Police: Homeowner security video increases chance of crime getting prosecuted


The trend of homeowners hooking up their own security systems is growing, and it’s putting more power into their hands.

It seems like everyone is either getting a Ring, a Nest camera, or some type of smart phone home system.

Belle Meade Police Chief, Tim Eads said simply having a camera that criminals can see will detour crime. While movies depict criminals cutting the cords on a security camera, Chief Eads said in most cases they do not actually do that. Criminals are looking for an easy target.

Chief Eads said video also helps investigators prosecute crimes.

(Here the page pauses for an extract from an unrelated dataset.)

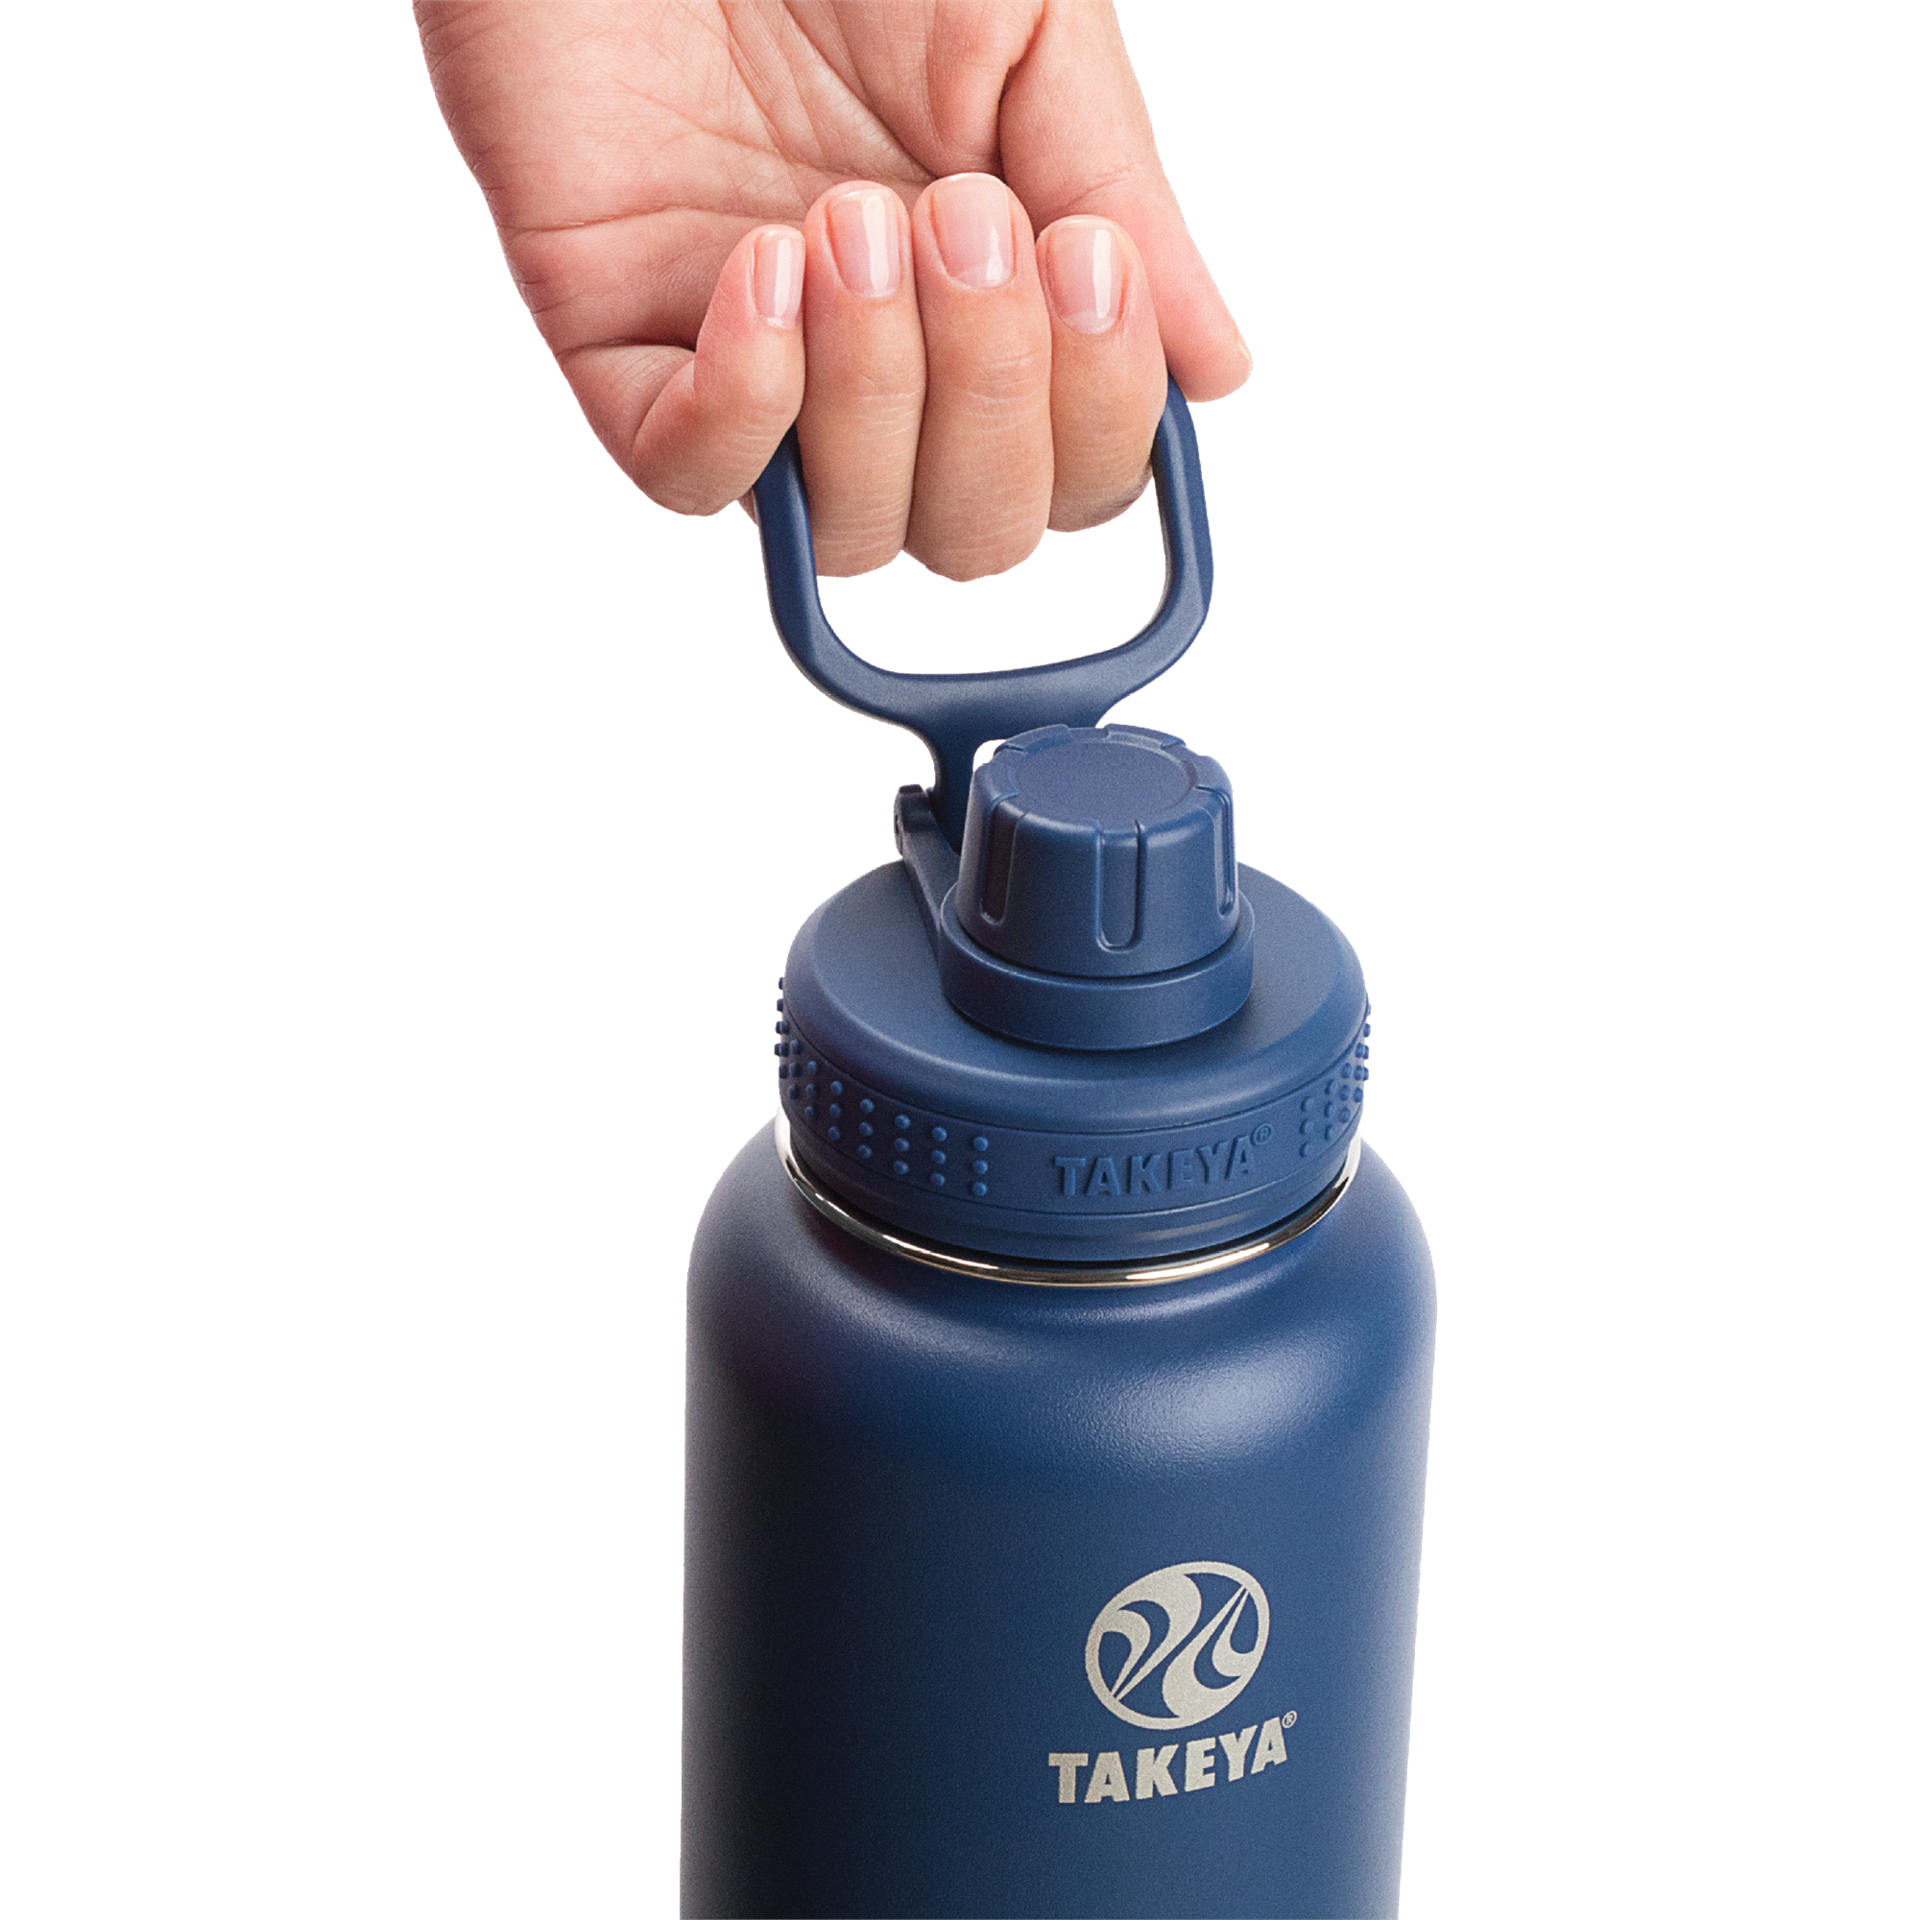 40oz Insulated Water Bottle With Straw, Spout, And Stainless Steel

"We have found that video is very helpful, maybe not 100% percent of the time, but you definitely increase the odds of your crime being solved," said Chief Eads.

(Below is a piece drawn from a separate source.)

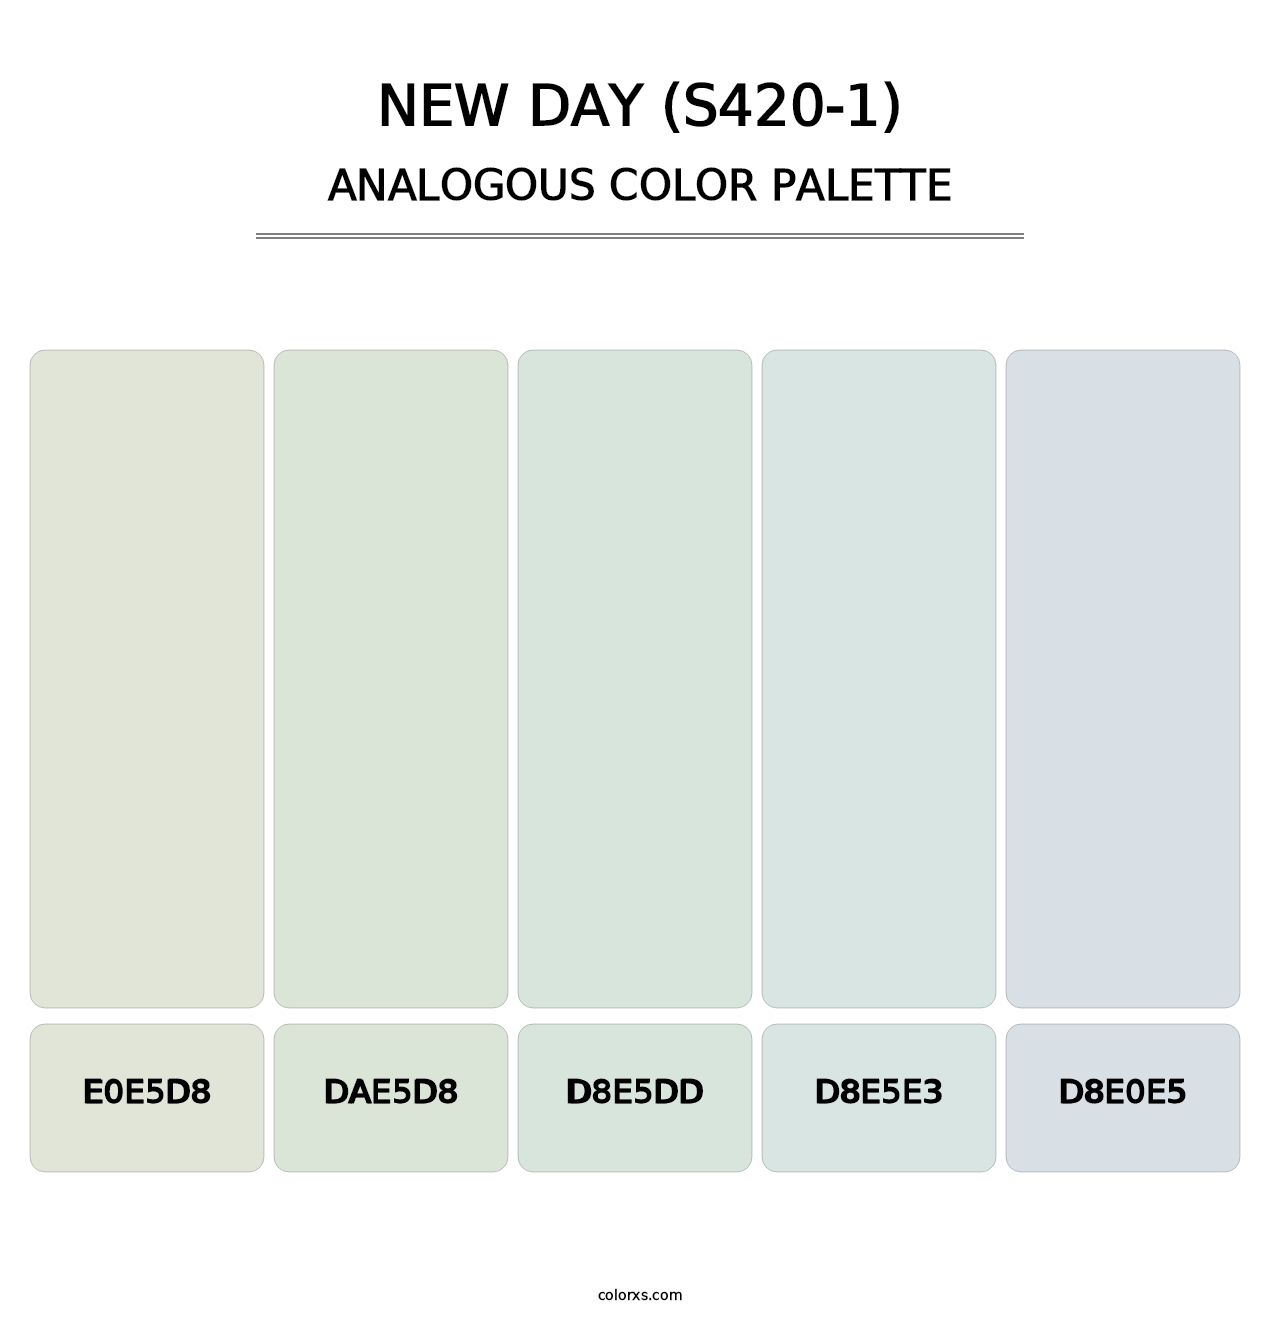 New Day (S420-1) - Analogous Color Palette

Tim Eads said some crimes, like package theft, or car burglaries can be difficult to solve, and the video could make a break a case.

"Sometimes with a criminal case all it takes is one more piece of evidence,” he said.

Paul King, who lives in Nashville hooked up several cameras at his house.

"Basically, I wanted my kids to see who is at the door,” he said.

They are making him feel safer too. A while back, King caught someone stealing out of his car.

"They got $1,000 worth of tech equipment out of my car,” he said.

Yassi Shahmiri, director of communication for Ring, said the cameras are helping fight crime with the video, but also detouring crime as well.

“We've seen a lot of examples of our customers which we call our neighbors detour a crime just by speaking to a visitor who may be checking to see if someone is home before they break in. So, it puts the power into the homeowner’s hands," Shahmiri said.

Chief Eads also said if you have a camera, there is one thing you need to be doing: registering it. That will give the police department all your information if you end up calling them or using your alarm function on your device.